Shutdown and so on button were done with PHP and shell_exec and then checked on index.php just using links and $_GET['do']; thingy.
Like this: http://php.net/manual/en/reserved.variables.get.php

Postby strasharo » Sun Jul 22, 2018 5:22 pm

Btw what's the wireless adapter with dual antennas on the last picture? Reminds me a bit of Totolink N300UA but it's a black one?

Postby Whig » Wed Sep 05, 2018 8:36 am

It was Asus USB-N14
https://www.asus.com/Networking/USBN14/

Postby PoshMag1C0de » Tue Nov 20, 2018 3:55 am

I just recently used one of my raspberry pi b+ to build a kismet wardriver. Did it when my Android upgrade to Pi broke Wigle.

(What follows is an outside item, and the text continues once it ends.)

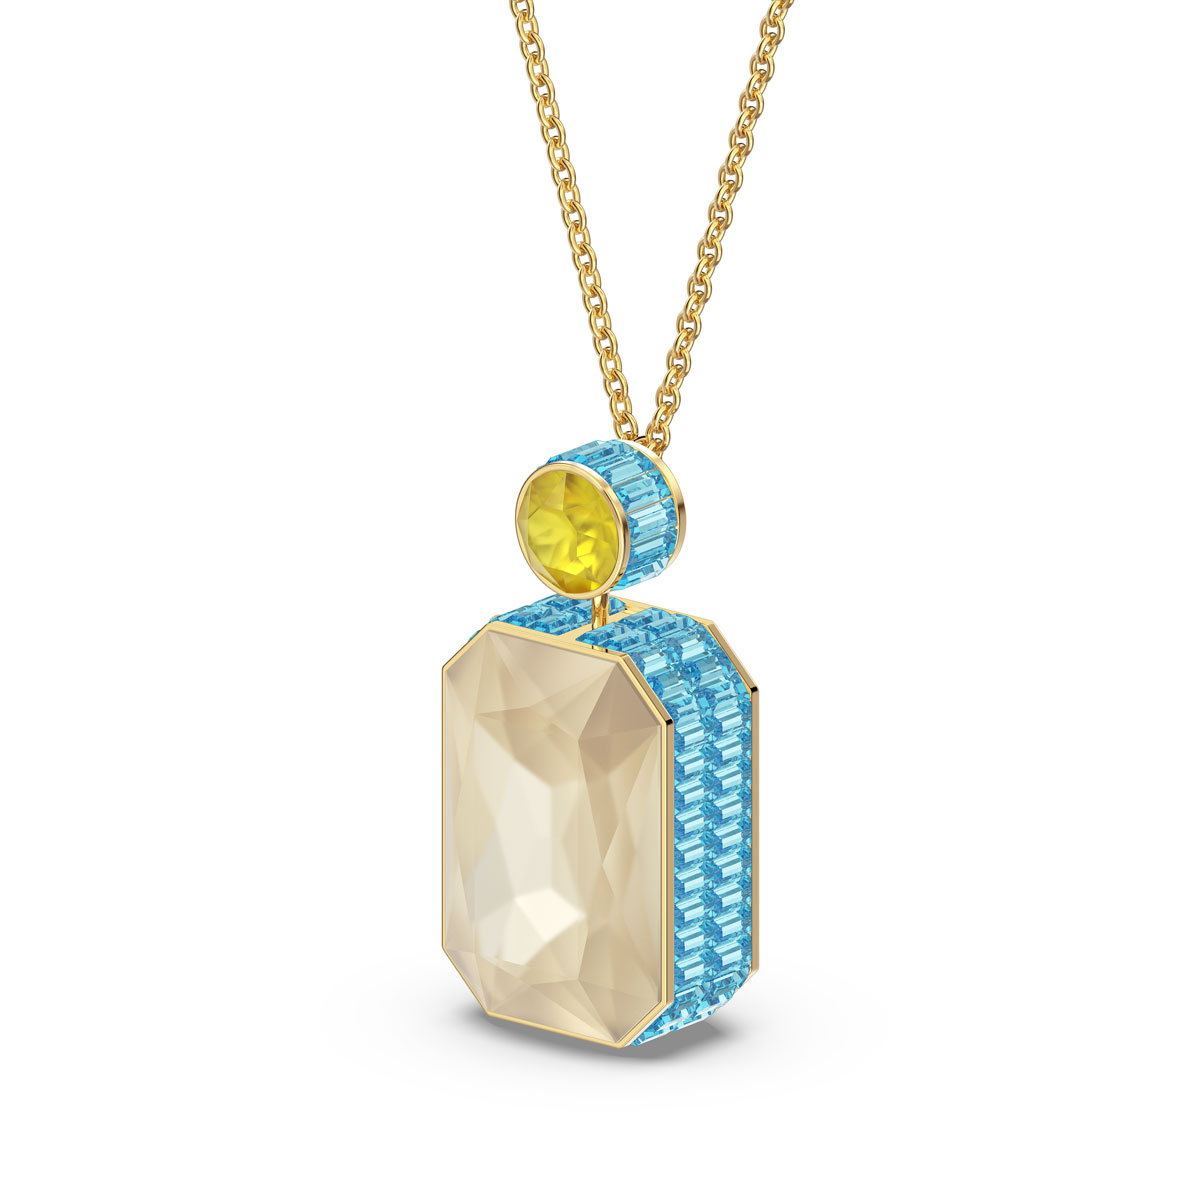 Swarovski Orbita Necklace, Octagon Cut Crystal, Multicolored, Gold-Tone

I did it similarly to the above post with using the built in wifi as an access point to interact with it. I use a Pandas wifi for scanning and a USat usb gps receiver.

Funny thing is the first version of kismet I pulled from git and compiled was 2018 B1. It worked and I was excited but did not collect nearly as much as their older pervious version. So I pulled that instead and works perfectly. I actually just ssh into it and run one of the premade scripts I made to launch the server and stop it.

Postby strasharo » Tue Nov 20, 2018 12:00 pm

There's no need to SSH in to launch the scripts, you can just use @reboot crontab entry to do it. I usually launch them in a detached screen session, so the only thing to do is just to power it up and it instantly starts scanning.